(Information supplied Opens)

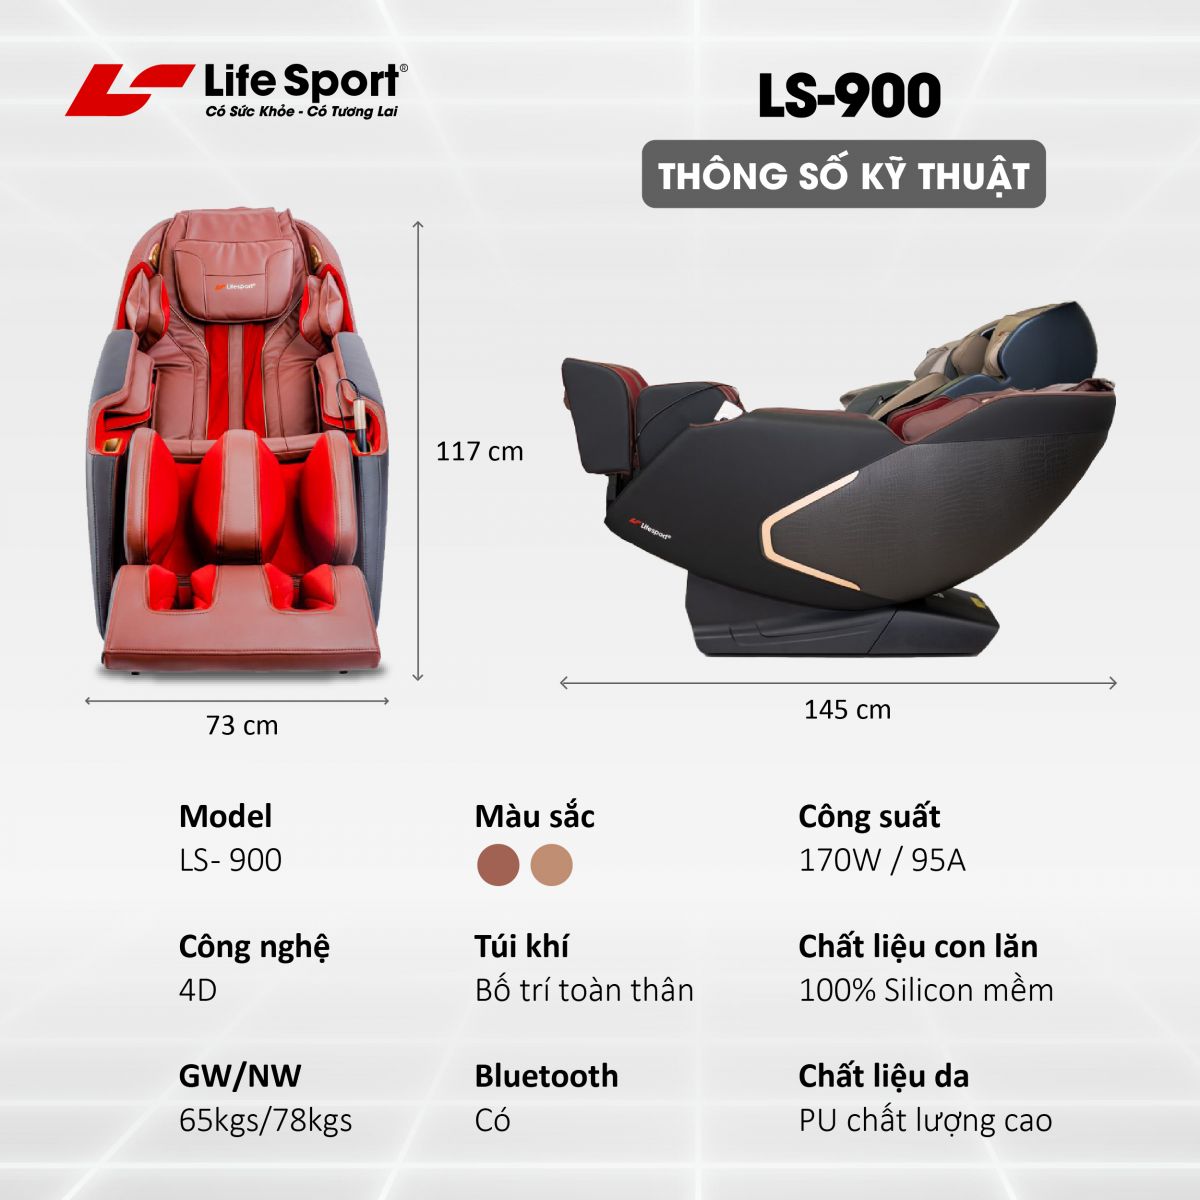 Kích thước sản phẩm ghế massage Life Sport LS-900
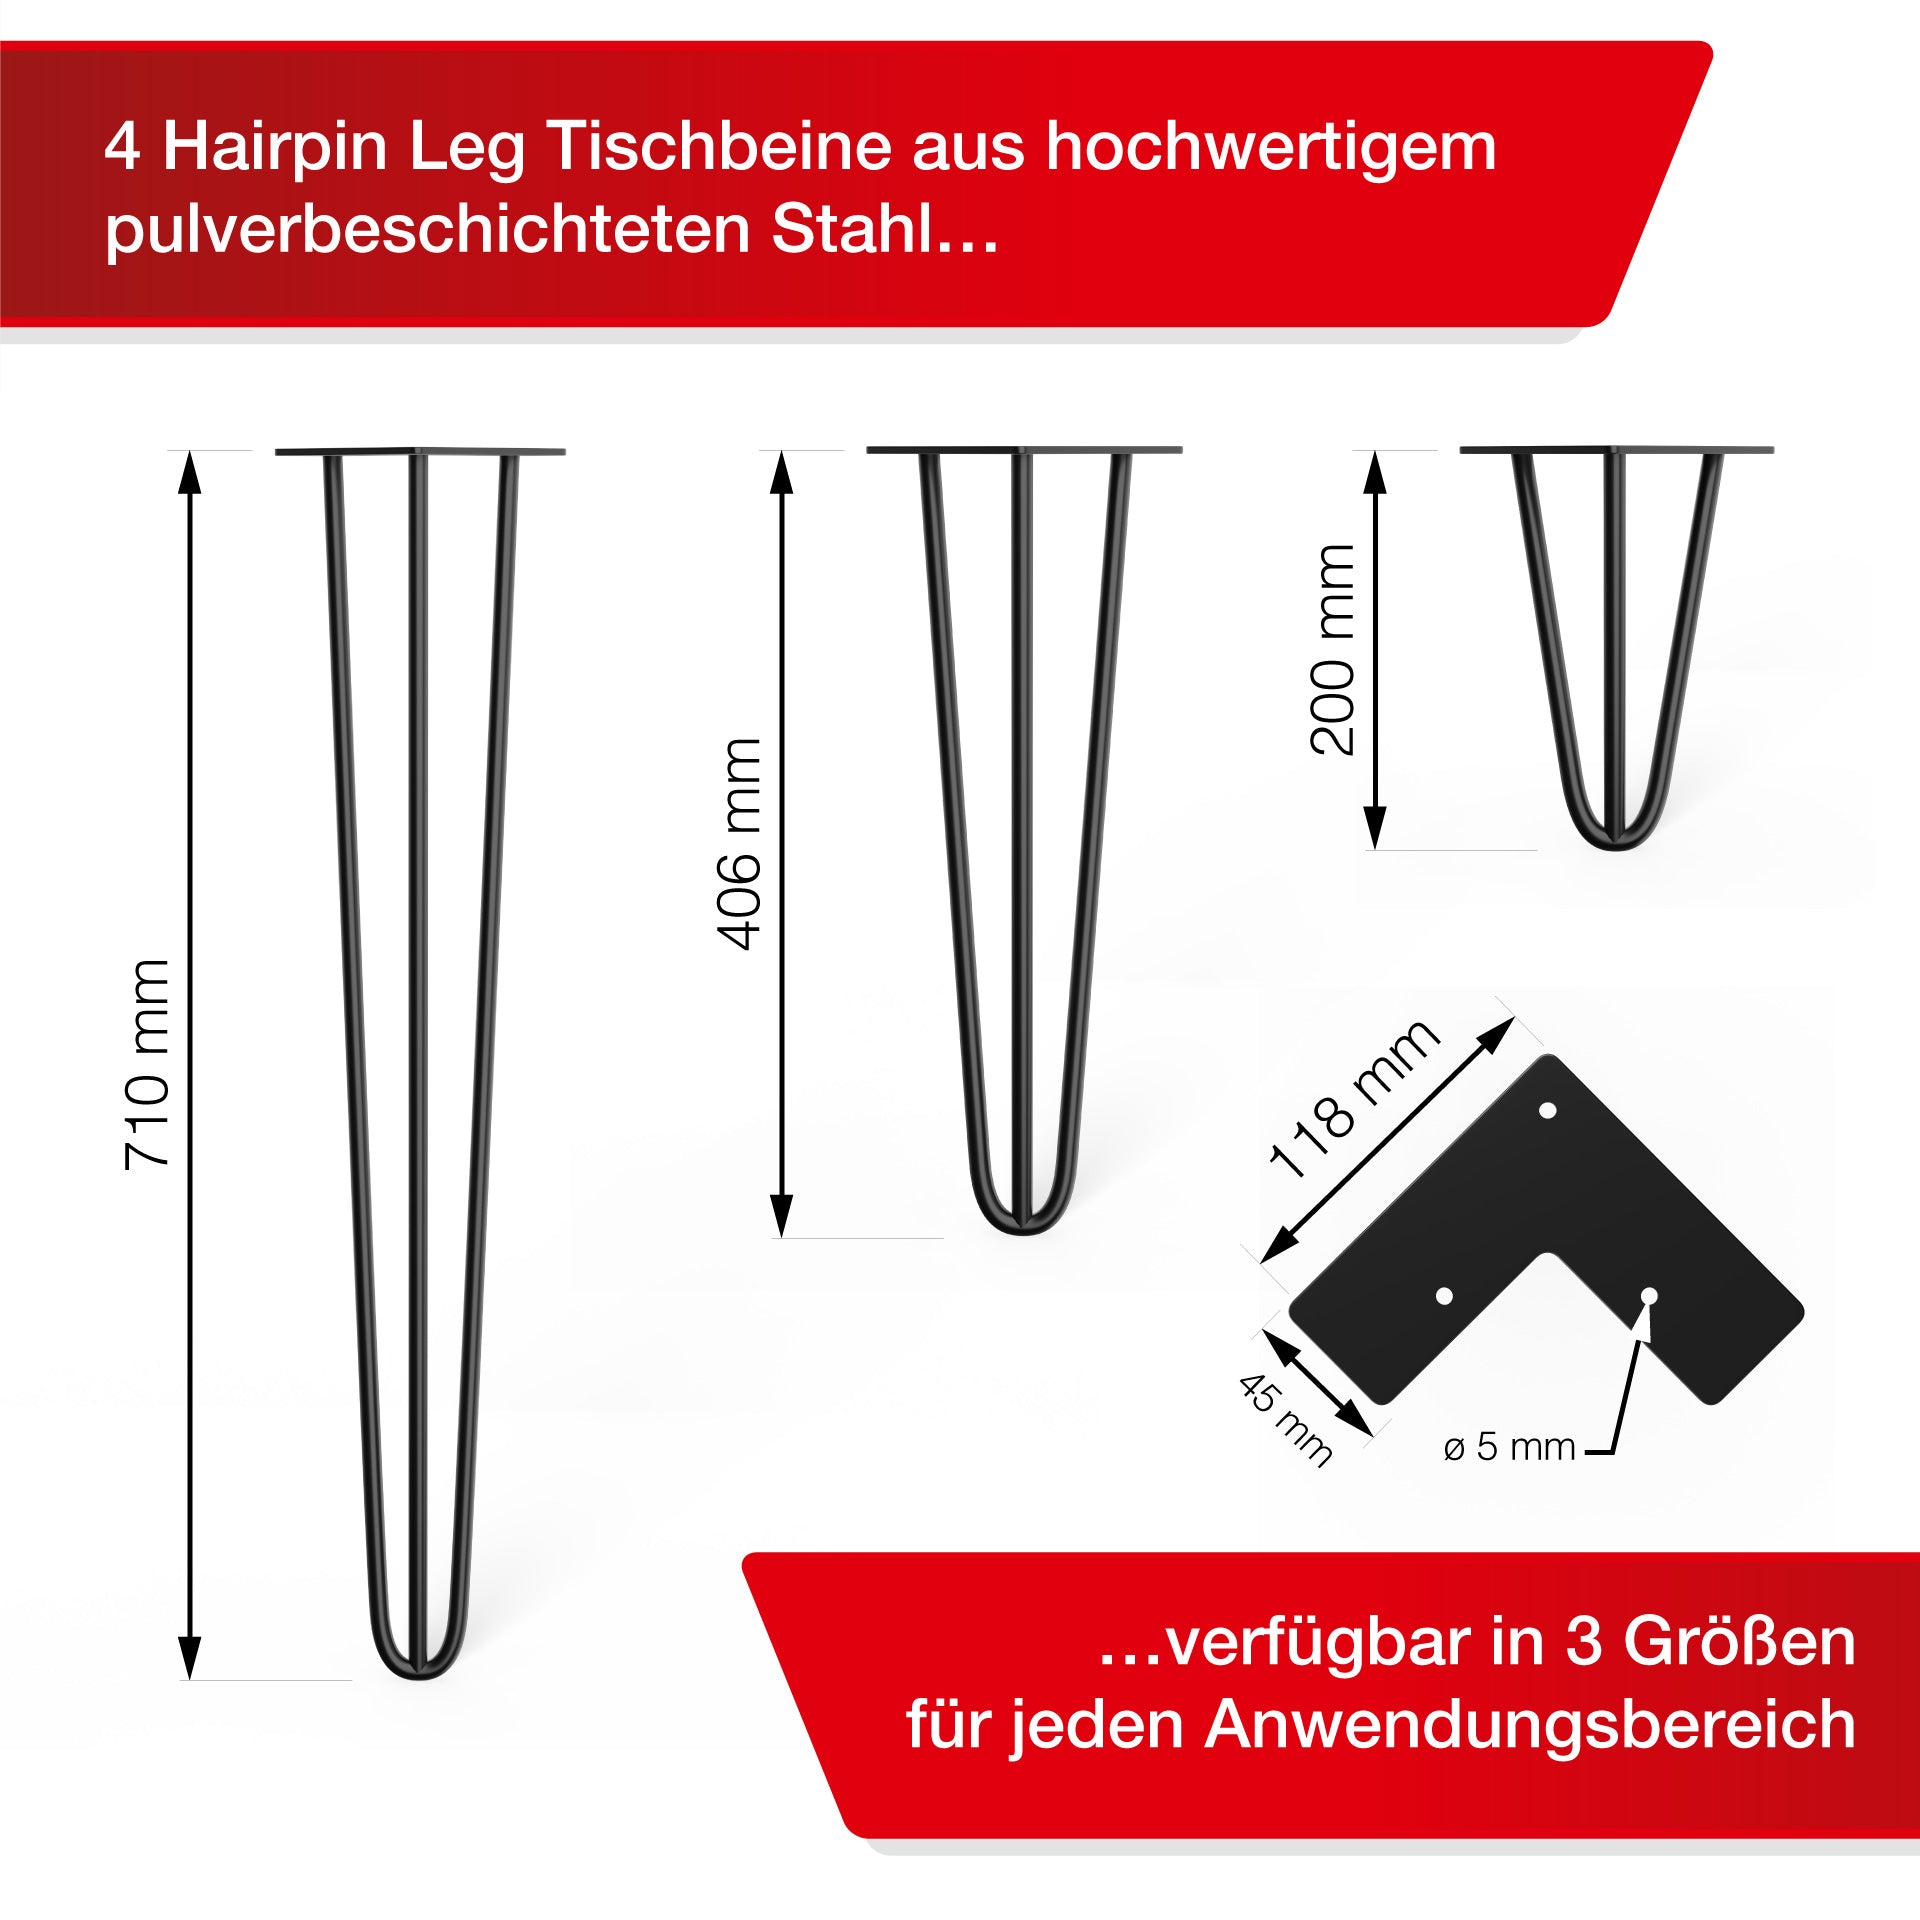 LouMaxx Tischbeine Metall Schwarz – 4 Stück – 200mm Höhe - 10mm Rundstahl, Hochwertiges 3-Stangen Tischbein für jeden Einsatzzweck inkl. Schrauben und Bodenschoner
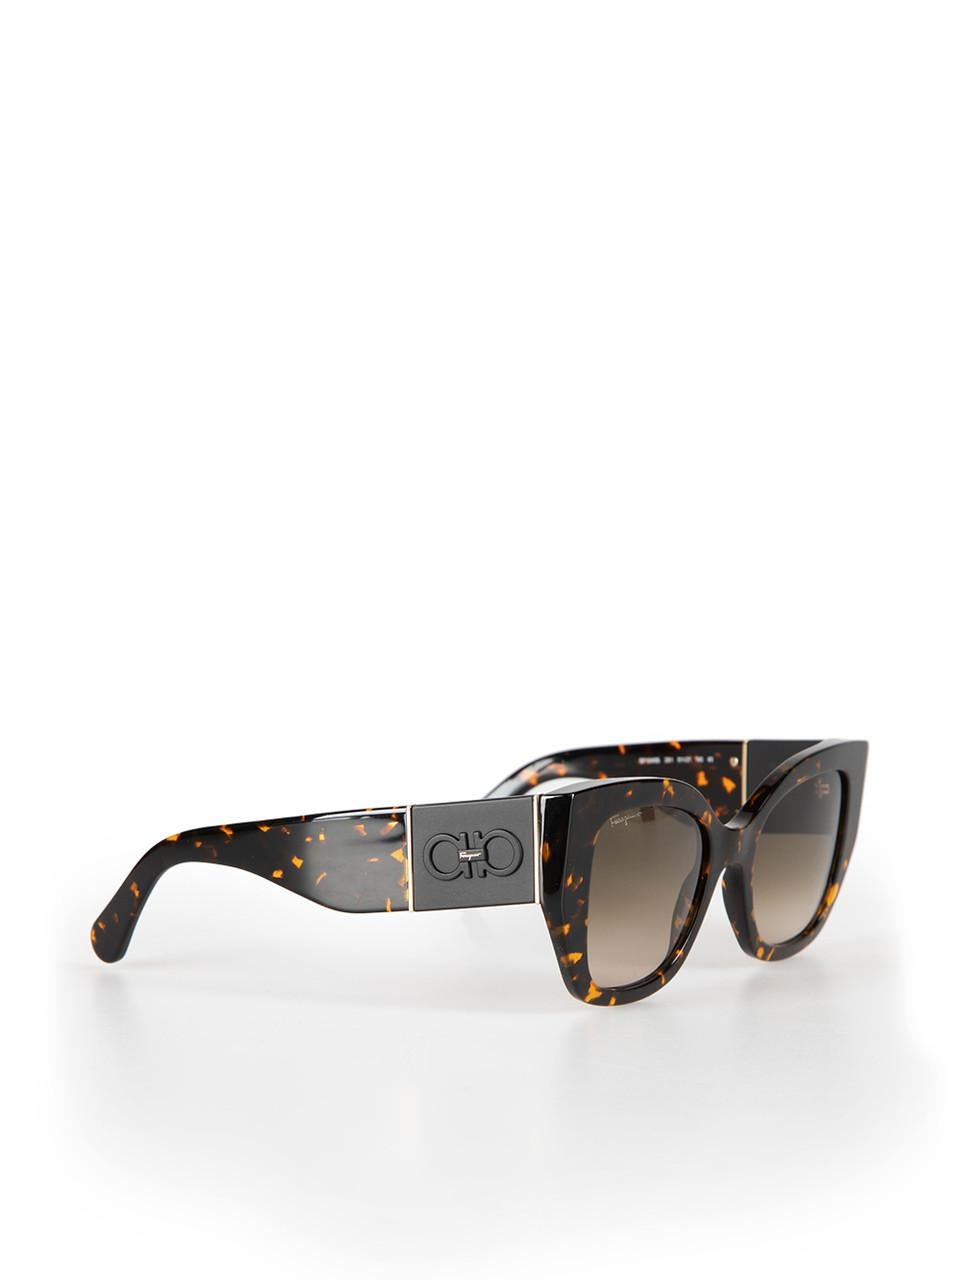 Salvatore Ferragamo Vintage Tortoise Square Frame Sunglasses In New Condition For Sale In London, GB
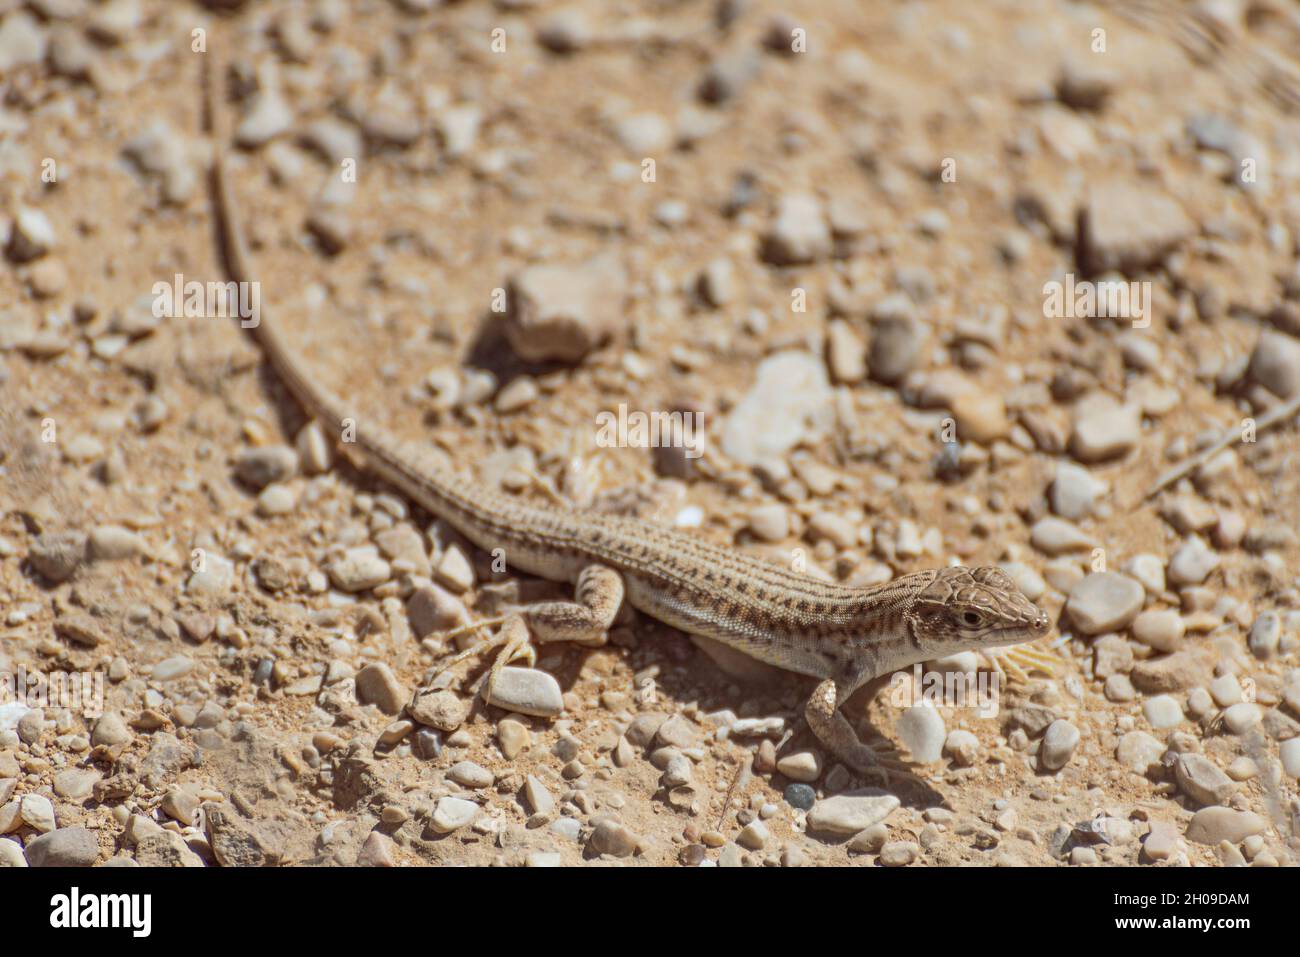 Un primo piano di una piccola lucertola si trova sotto una roccia calda sotto il sole estivo. Il deserto del Negev, Israele. Foto di alta qualità Foto Stock

(Information supplied Closes)

Reproduce the data above verbatim, minus any images.

 Kích thước sản phẩm ghế massage Life Sport LS-900
 LouMaxx Tischbeine Metall Schwarz – 4 Stück – 200mm Höhe - 10mm Rundstahl, Hochwertiges 3-Stangen Tischbein für jeden Einsatzzweck inkl. Schrauben und Bodenschoner
 Salvatore Ferragamo Vintage Tortoise Square Frame Sunglasses In New Condition For Sale In London, GB
 Un primo piano di una piccola lucertola si trova sotto una roccia calda sotto il sole estivo. Il deserto del Negev, Israele. Foto di alta qualità Foto Stock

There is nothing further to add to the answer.